## Directions for this task:
The full listing, excluding its pictures, should be printed exactly as it stands.

## Supplied information:
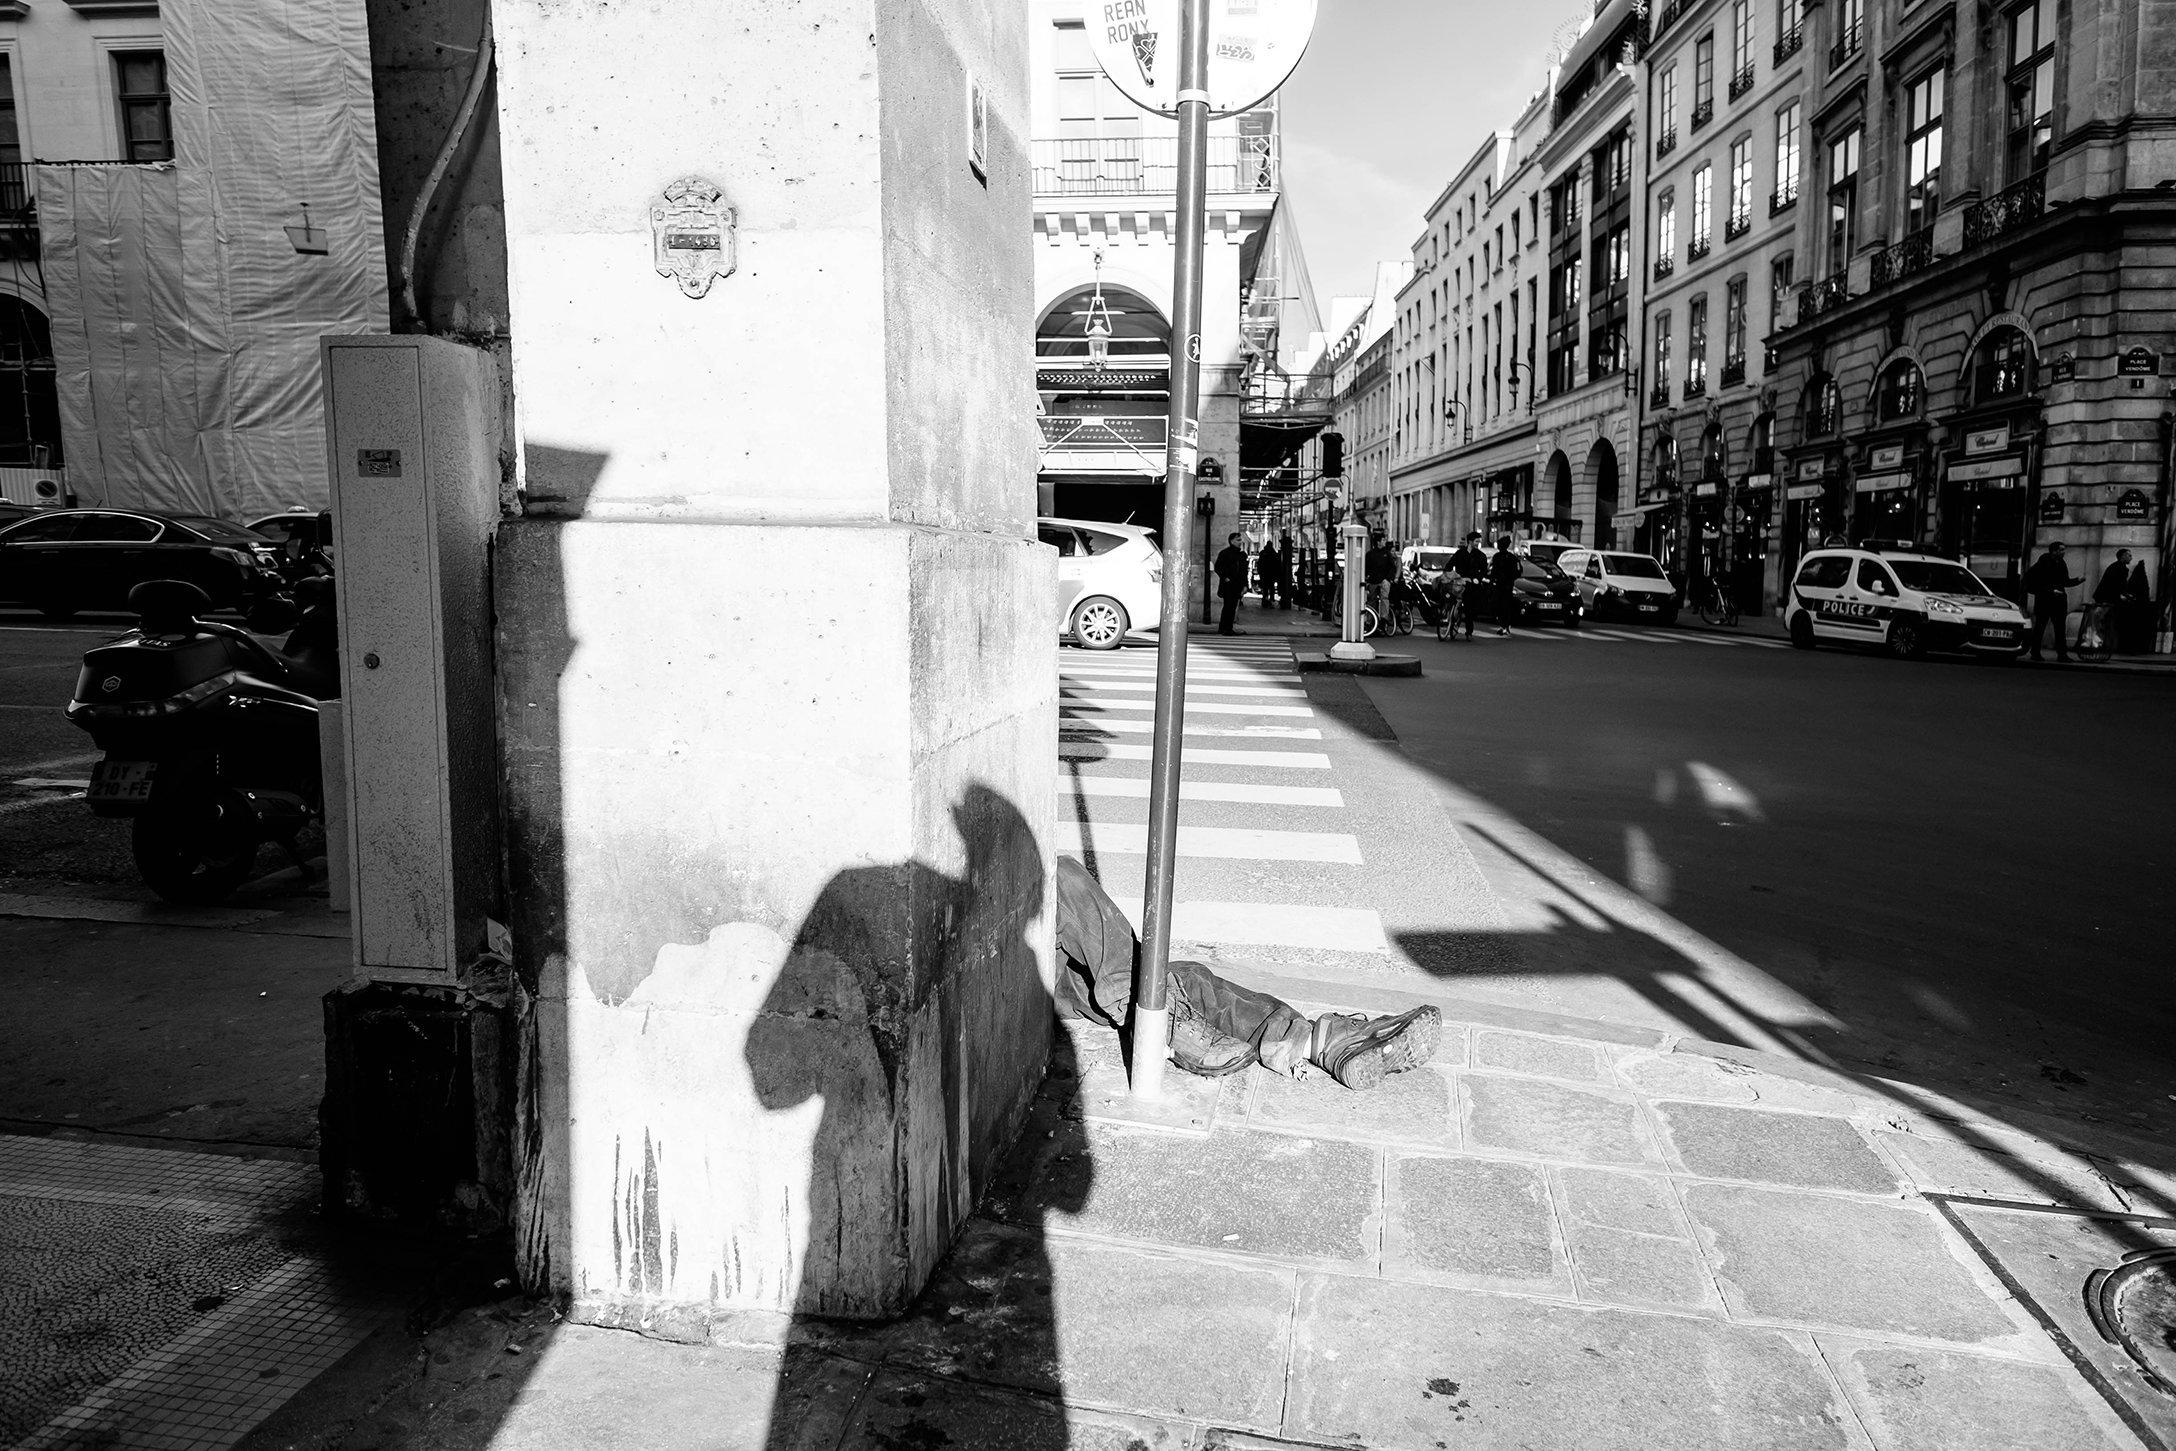 ParisHomelessManSaintHonore.jpg
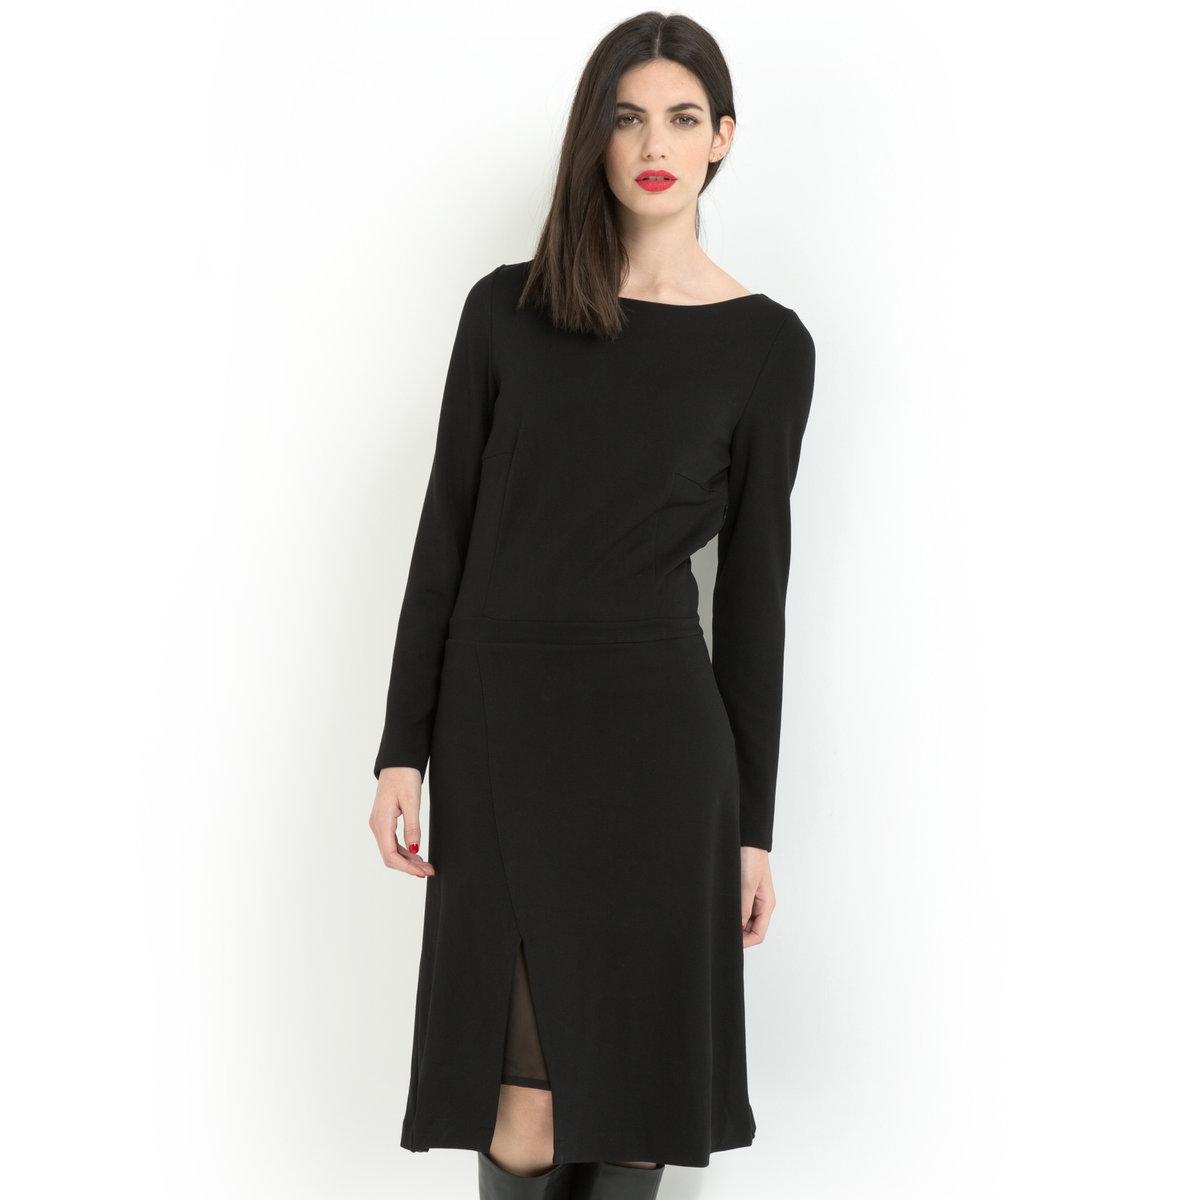 Платье с длинными рукавамиРасклешенная юбка на подкладке из вуали (100% полиэстера) с асимметричным вырезом спереди, открывающим часть подкладки.    Длина 100 см.<br><br>Цвет: черный
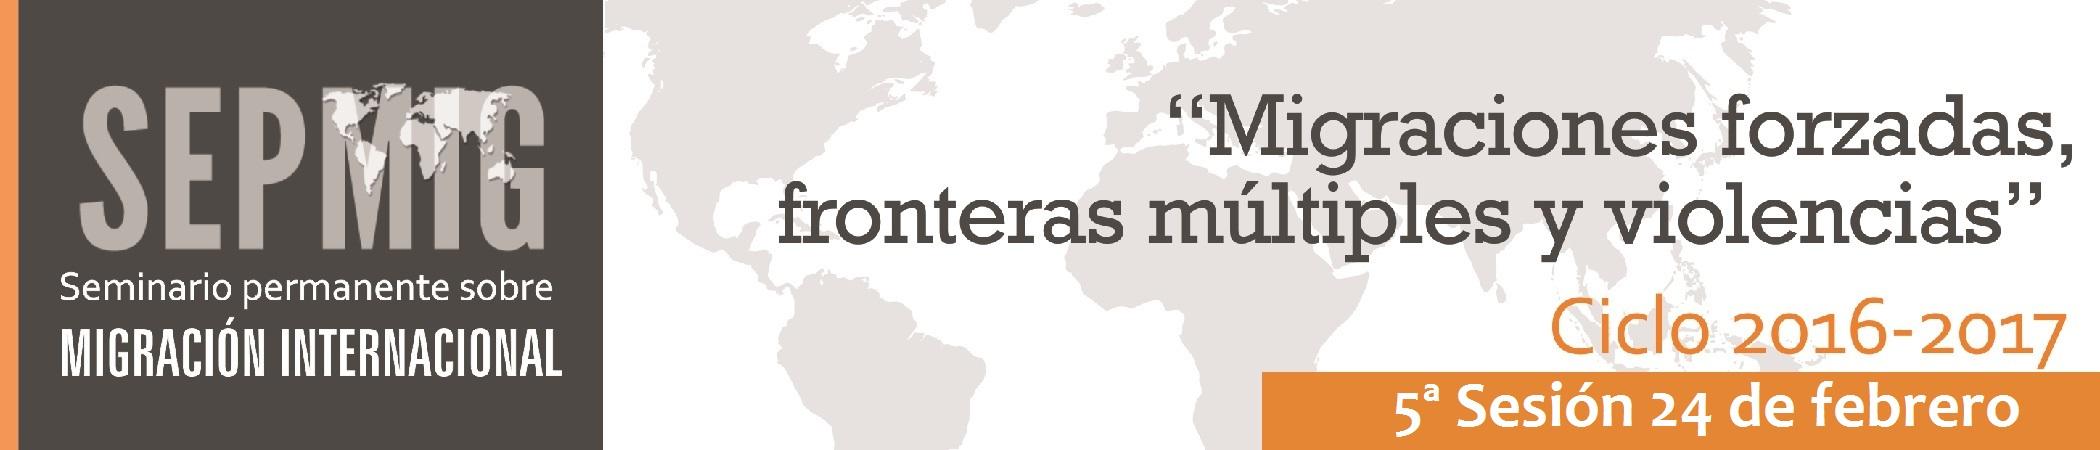 Seminario permanente sobre migración internacional
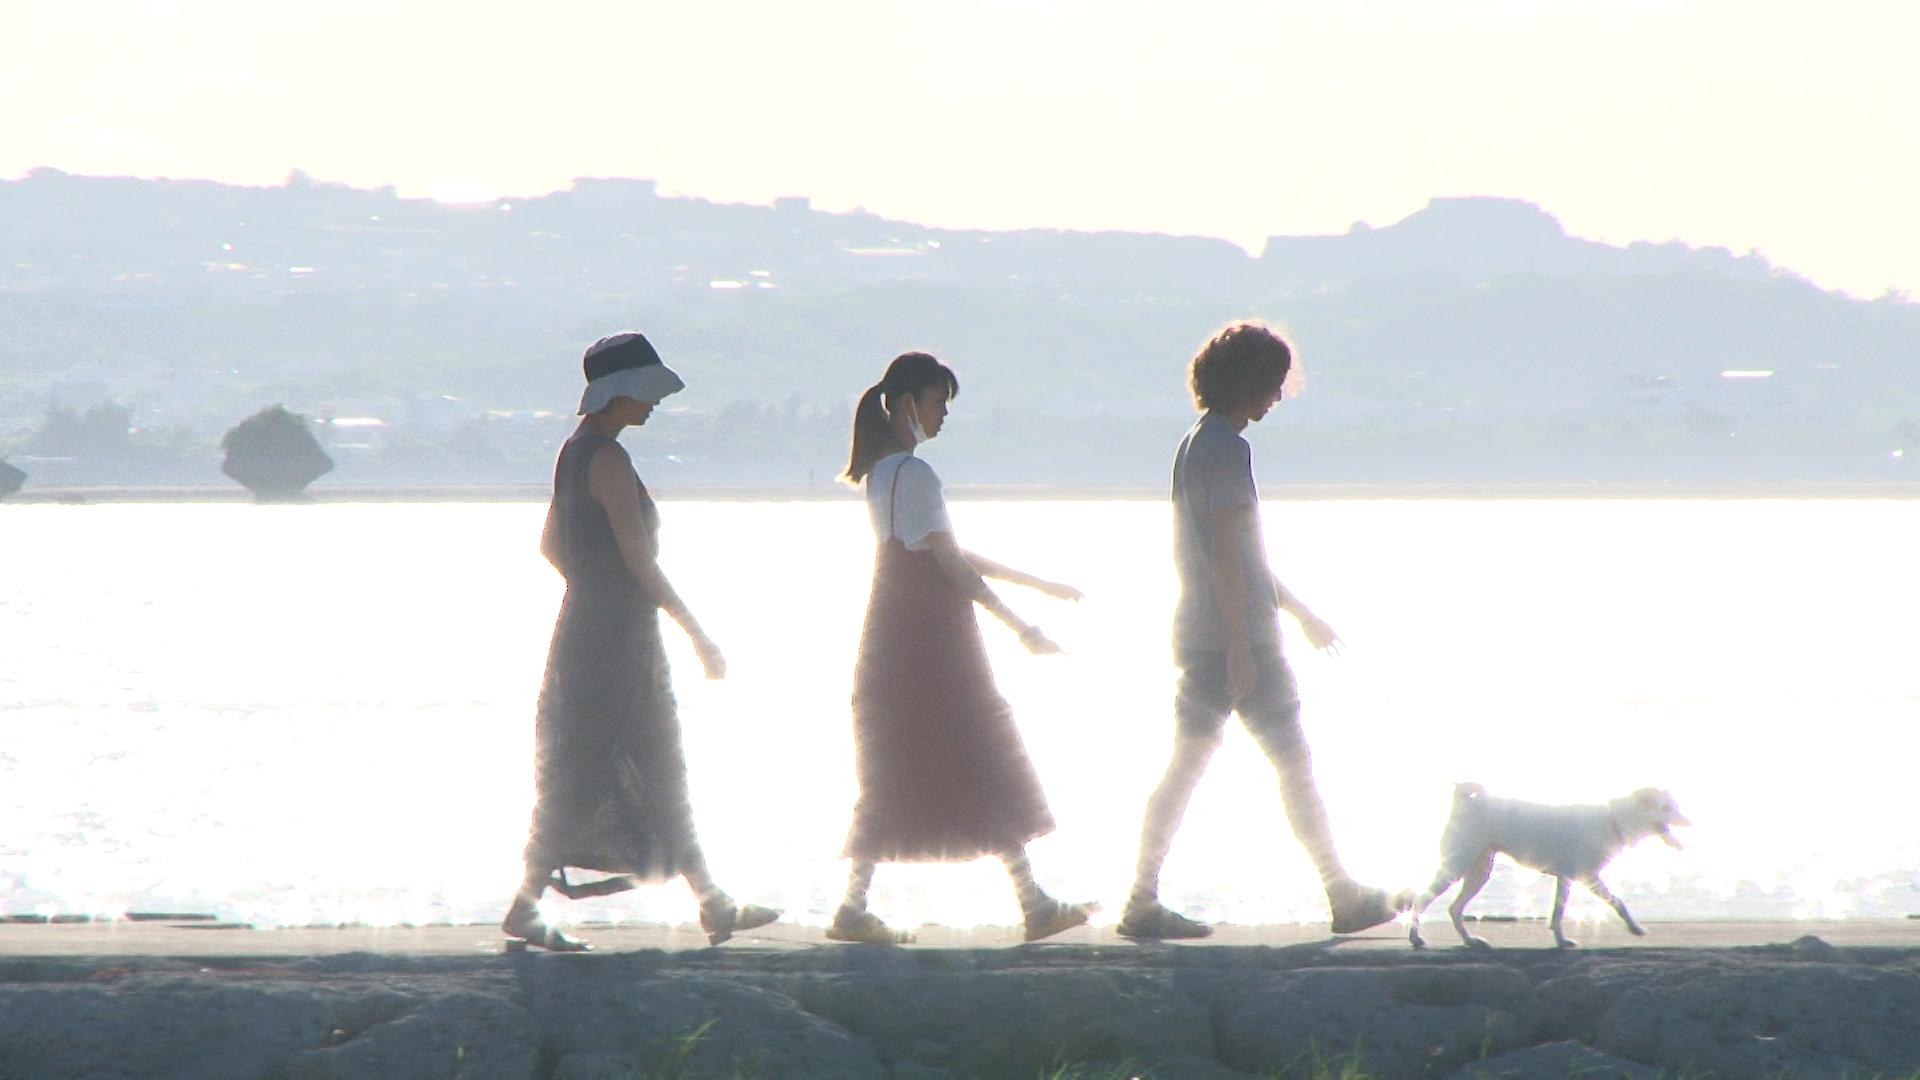 RBC琉球放送【気ままにロハススタイル】NEWS 2021/09/06

## Result of the exercise:
 ParisHomelessManSaintHonore.jpg
 Платье с длинными рукавамиРасклешенная юбка на подкладке из вуали (100% полиэстера) с асимметричным вырезом спереди, открывающим часть подкладки.    Длина 100 см.<br><br>Цвет: черный
 Seminario permanente sobre migración internacional
 RBC琉球放送【気ままにロハススタイル】NEWS 2021/09/06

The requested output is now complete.